[Data extracted from a collection]
----

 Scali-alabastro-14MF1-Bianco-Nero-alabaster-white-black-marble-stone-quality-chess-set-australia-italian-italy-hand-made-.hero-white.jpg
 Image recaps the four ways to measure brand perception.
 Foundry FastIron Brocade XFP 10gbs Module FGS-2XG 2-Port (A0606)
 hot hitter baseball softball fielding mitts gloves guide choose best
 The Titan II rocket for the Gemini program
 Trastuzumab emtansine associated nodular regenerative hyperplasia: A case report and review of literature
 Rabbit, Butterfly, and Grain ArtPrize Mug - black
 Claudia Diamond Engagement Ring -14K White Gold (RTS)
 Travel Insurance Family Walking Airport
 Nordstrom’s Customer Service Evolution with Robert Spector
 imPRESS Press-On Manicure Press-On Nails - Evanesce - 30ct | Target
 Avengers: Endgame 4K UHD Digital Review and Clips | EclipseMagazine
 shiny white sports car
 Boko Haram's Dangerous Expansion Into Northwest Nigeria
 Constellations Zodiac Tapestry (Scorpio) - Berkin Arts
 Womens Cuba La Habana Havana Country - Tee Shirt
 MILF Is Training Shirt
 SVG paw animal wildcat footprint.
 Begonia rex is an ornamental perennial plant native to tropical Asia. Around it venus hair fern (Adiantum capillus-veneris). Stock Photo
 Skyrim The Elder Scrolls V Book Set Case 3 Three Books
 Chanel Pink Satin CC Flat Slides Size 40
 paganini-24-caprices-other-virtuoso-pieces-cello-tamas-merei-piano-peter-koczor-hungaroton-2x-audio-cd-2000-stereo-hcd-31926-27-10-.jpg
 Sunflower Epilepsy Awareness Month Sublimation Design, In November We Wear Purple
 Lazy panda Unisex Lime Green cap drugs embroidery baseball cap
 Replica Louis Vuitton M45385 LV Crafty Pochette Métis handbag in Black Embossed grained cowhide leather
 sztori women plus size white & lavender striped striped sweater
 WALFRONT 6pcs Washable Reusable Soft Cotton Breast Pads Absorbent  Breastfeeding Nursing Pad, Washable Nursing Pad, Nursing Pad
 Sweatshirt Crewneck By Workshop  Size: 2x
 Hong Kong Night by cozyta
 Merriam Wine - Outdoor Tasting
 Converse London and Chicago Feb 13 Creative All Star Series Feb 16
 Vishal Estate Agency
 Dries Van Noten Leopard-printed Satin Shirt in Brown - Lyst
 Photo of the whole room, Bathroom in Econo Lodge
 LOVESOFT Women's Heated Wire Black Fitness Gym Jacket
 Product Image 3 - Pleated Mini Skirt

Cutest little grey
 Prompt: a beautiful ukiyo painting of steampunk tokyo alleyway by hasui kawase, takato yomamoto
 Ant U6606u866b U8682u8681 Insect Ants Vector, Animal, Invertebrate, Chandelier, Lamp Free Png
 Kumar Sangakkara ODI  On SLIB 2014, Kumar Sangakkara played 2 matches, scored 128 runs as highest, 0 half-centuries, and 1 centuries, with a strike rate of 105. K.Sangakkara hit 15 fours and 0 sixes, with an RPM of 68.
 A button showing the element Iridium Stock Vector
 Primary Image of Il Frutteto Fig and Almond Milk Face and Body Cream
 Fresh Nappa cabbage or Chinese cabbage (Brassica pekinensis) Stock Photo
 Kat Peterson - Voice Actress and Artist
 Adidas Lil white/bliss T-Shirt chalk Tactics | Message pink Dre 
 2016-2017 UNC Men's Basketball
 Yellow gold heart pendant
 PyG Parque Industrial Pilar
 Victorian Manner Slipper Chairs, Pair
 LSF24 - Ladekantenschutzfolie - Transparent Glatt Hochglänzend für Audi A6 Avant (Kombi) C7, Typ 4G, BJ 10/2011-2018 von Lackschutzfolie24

----

## WORK TO BE COMPLETED
Using only the data above, copy out the lines that include the word "Image".

## EXERCISE OUTPUT
 Image recaps the four ways to measure brand perception.
 Product Image 3 - Pleated Mini Skirt
 Primary Image of Il Frutteto Fig and Almond Milk Face and Body Cream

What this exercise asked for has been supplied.